We could call it the Master Control Program.

> as smaller models improve there will be very few use cases where the big models are worth the compute

I see very little evidence of this so far. The use cases I'm interested in just barely works on GPT-4 and lesser models give mostly garbage. I.e. function calling and inferring stuff like SQL queries. If there are smaller models that can do passable work on such use cases I'd be very interested to know.

Claude Haiku can do a LOT of the things you'd think you need GPT4 for.

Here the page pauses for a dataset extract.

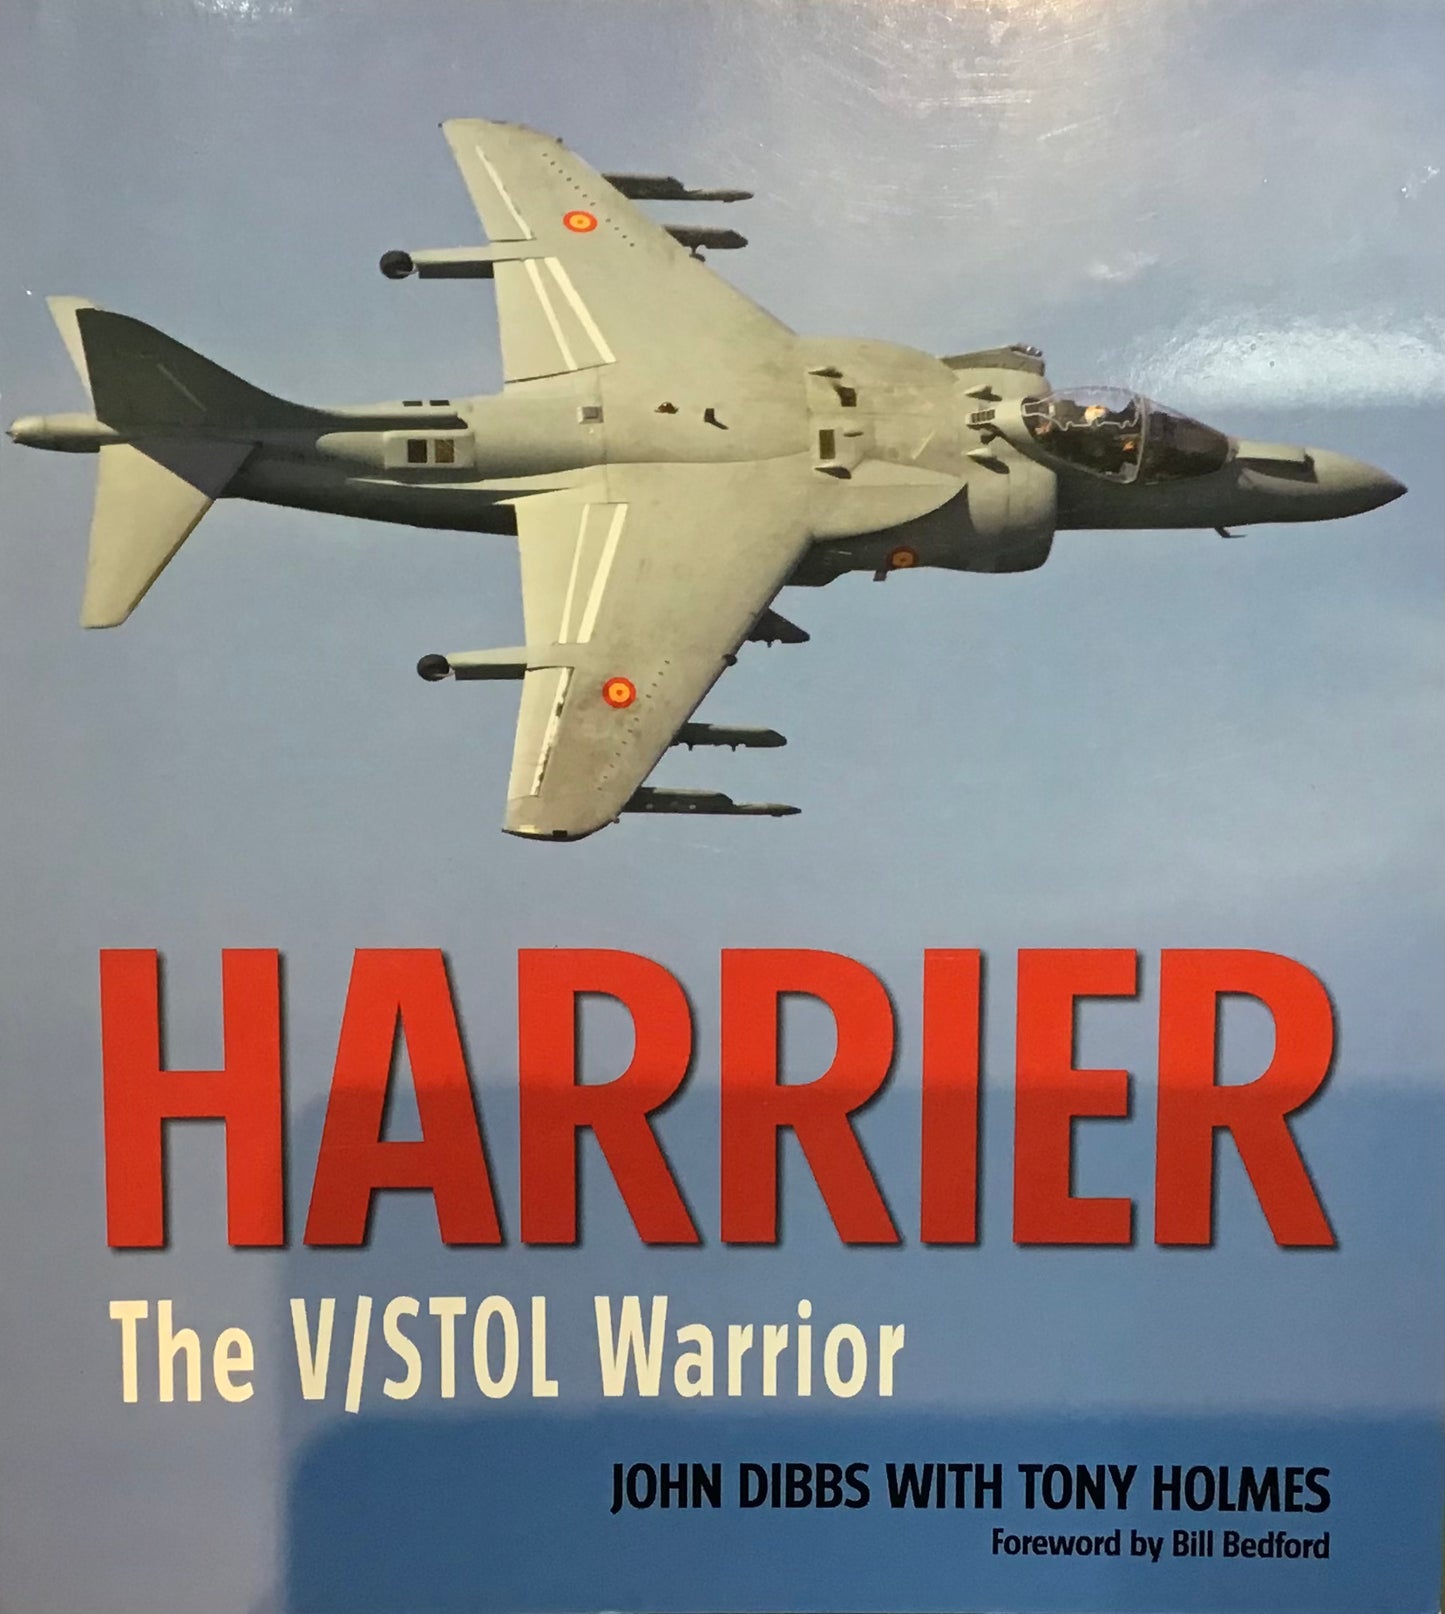 Harrier The V/STOL Warrior by John Dibbs with Tony Holmes - Chester Model Centre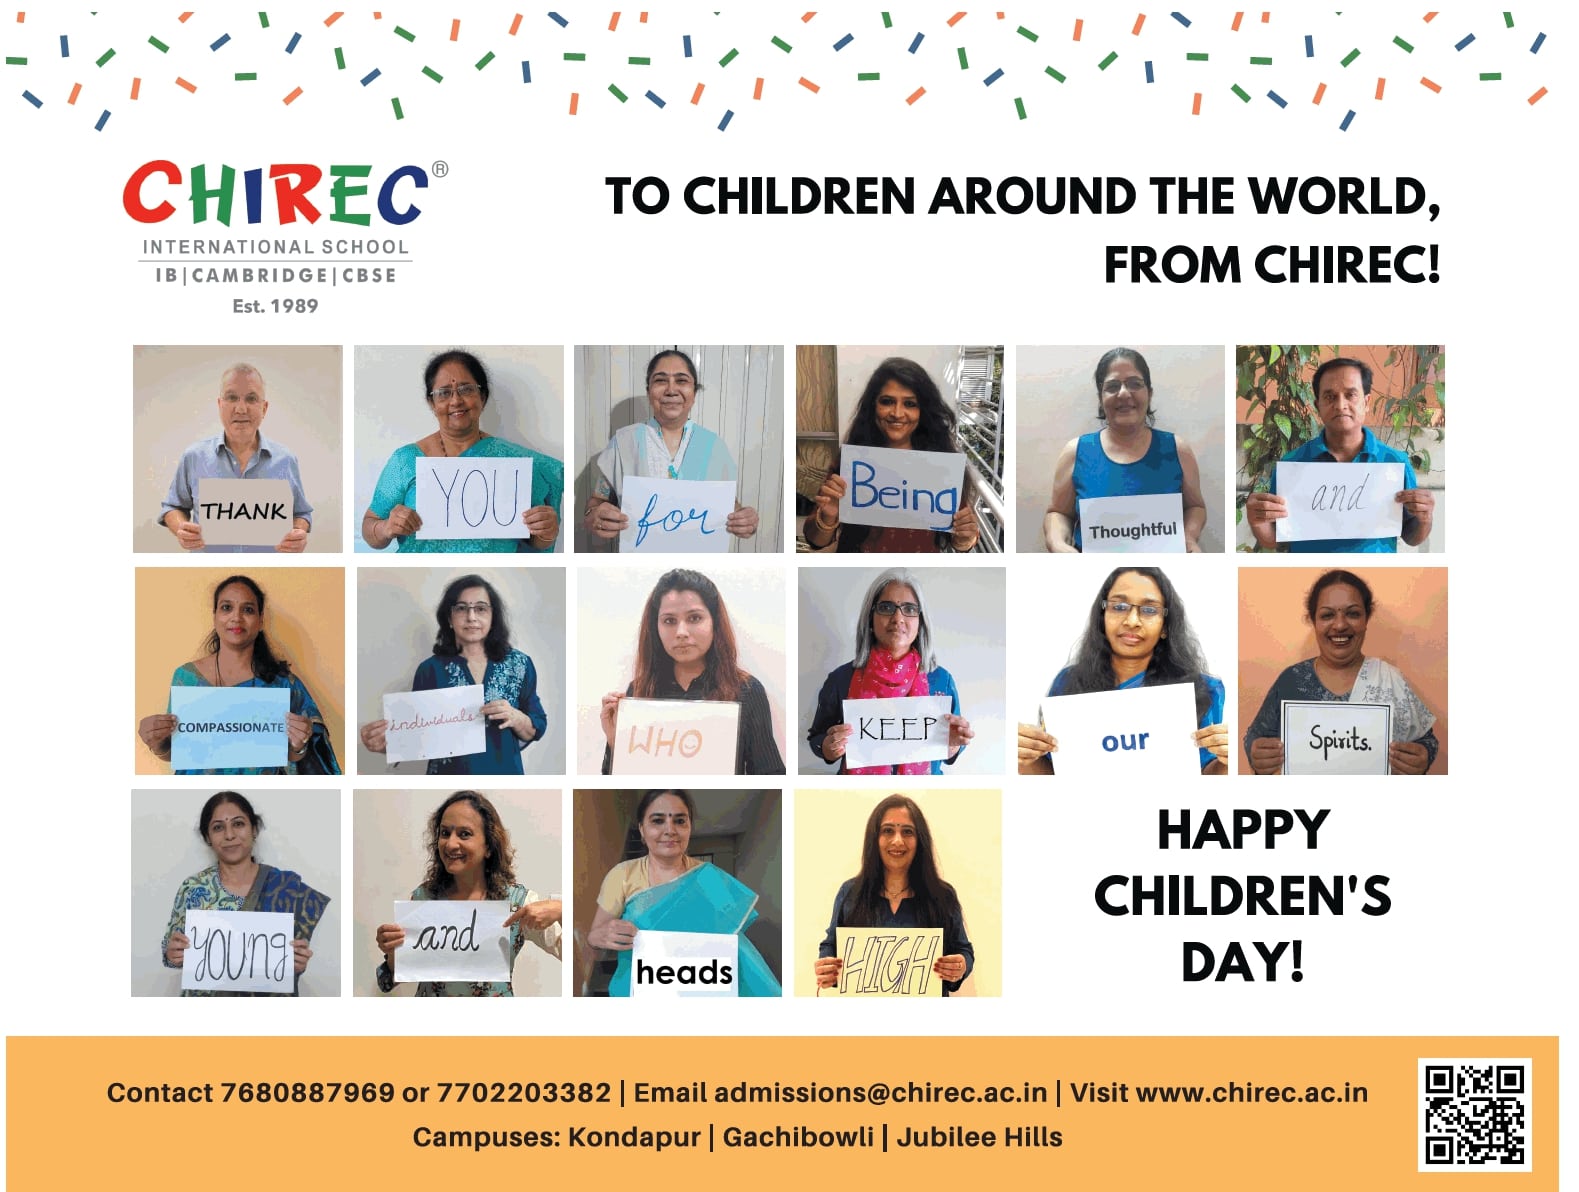 chirec-international-school-happy-childrens-day-to-children-around-the-world-from-chirec-ad-toi-hyderabad-13-11-2020

It's not as good at complex code and really tricky language use/abstractions, but it's very close for more superficial things, and you can call haiku like 60 times for each gpt4 call.

I bet you could do multiple prompt variations with haiku and then do answer combining to compete with GPT4-T/Opus at a fraction of the price.

Interesting! I just discovered that Anthropic indeed officially support commercial API access in (at least) some EU countries. They just don't support GUI access in all those countries:

https://www.anthropic.com/supported-countries

Anthropic is ex-openai so even if there is a secret sauce that openai uses, they might know it.
Yeah you might be right but Google and Mistral aren't that far behind either:

https://twitter.com/NickADobos/status/1772764680639148285

> We are all breathless that it is better. But a year has passed since GPT4. It’s like we’re excited that someone beat Usain Bolt’s 100 meter time from when he was 7.

Sounds like some sort of siding with closedAI (openAi), when I need to use an llm, I use whatever performs the best at the moment. It doesn’t matter who’s behind it to me, at the moment it is Claude.

I am not going to stick to ChatGPT because closedAi have been pioneers or because their product was one of the best.

I hope I didn’t sound too harsh, excuse me in that case.

> closedAI (openAi)

Is this supposed to be clever? It's like saying M$ back in the 90s. Yeah, OpenAI doesn't deserve its own name, but maybe we can let that dead horse rest.

No, it's not supposed to be clever. Just something I use whenever I mention them.

There is an extensions that does something similar, https://addons.mozilla.org/en-US/firefox/addon/openai-is-not...

Claude has way too many safeguards for what it believes is correct to talk about and what isn’t. Not saying ChatGPT is better, it also got dumbed down a lot, but Claude is very heavy on being politically correct on everything.

Ironically the one I find the best for responses currently is Gemini Advanced.

I agree with you that there is no switching cost currently, I bounce between them a lot

Does this matter in pure software dev?
Yes, remember when github decided to rename master branches to main branches?

>I'm afraid I can't answer a question about slavery.

I'm getting refusals similar in idiocy to the above in production right now.

Hard things aren’t easy to do.

Openai is not only faster at updating, the updates deliver. Then things like sora out of nowhere.

It’s great to see other models keeping up or getting ahead because a year ago the gap was bigger

What's a good way to have access to many chatbots in one place?
If you’re on macOS, give BoltAI[0] a try. Other than supporting multiple AI services and models, BoltAI also allows you yo create your own AI tools. Highlight the text, press a shortcut key then run a prompt against that text.

Disclaimer: I build it :D

[0]: https://boltai.com

I use an app called MindMac for macOS that works with nearly "all" of the APIs. I currently am using OpenAI, Anthropic and Mistral API keys with it, but it seems to support a ton of others as well.
Not affiliated in any way, but I use openrouter.ai to pay per token rather than have monthly subscriptions
MSFT trying to hedge their bets makes it seems like there's a decent chance OpenAI might have hit a few roadblocks (either technical or organizational)
Billion-dollar corporation hedging its bets is standard practice and I personally wouldn't read anything into it.
I agree with your analogy. Also, there is a quite a bit of "standing on the shoulders of giants" kind of thing going on. Every company's latest release will/should be a bit better than the models released before it. AI enthusiasts are getting a bit annoying - "we got a new leader boys!!!!*!" for each new model released.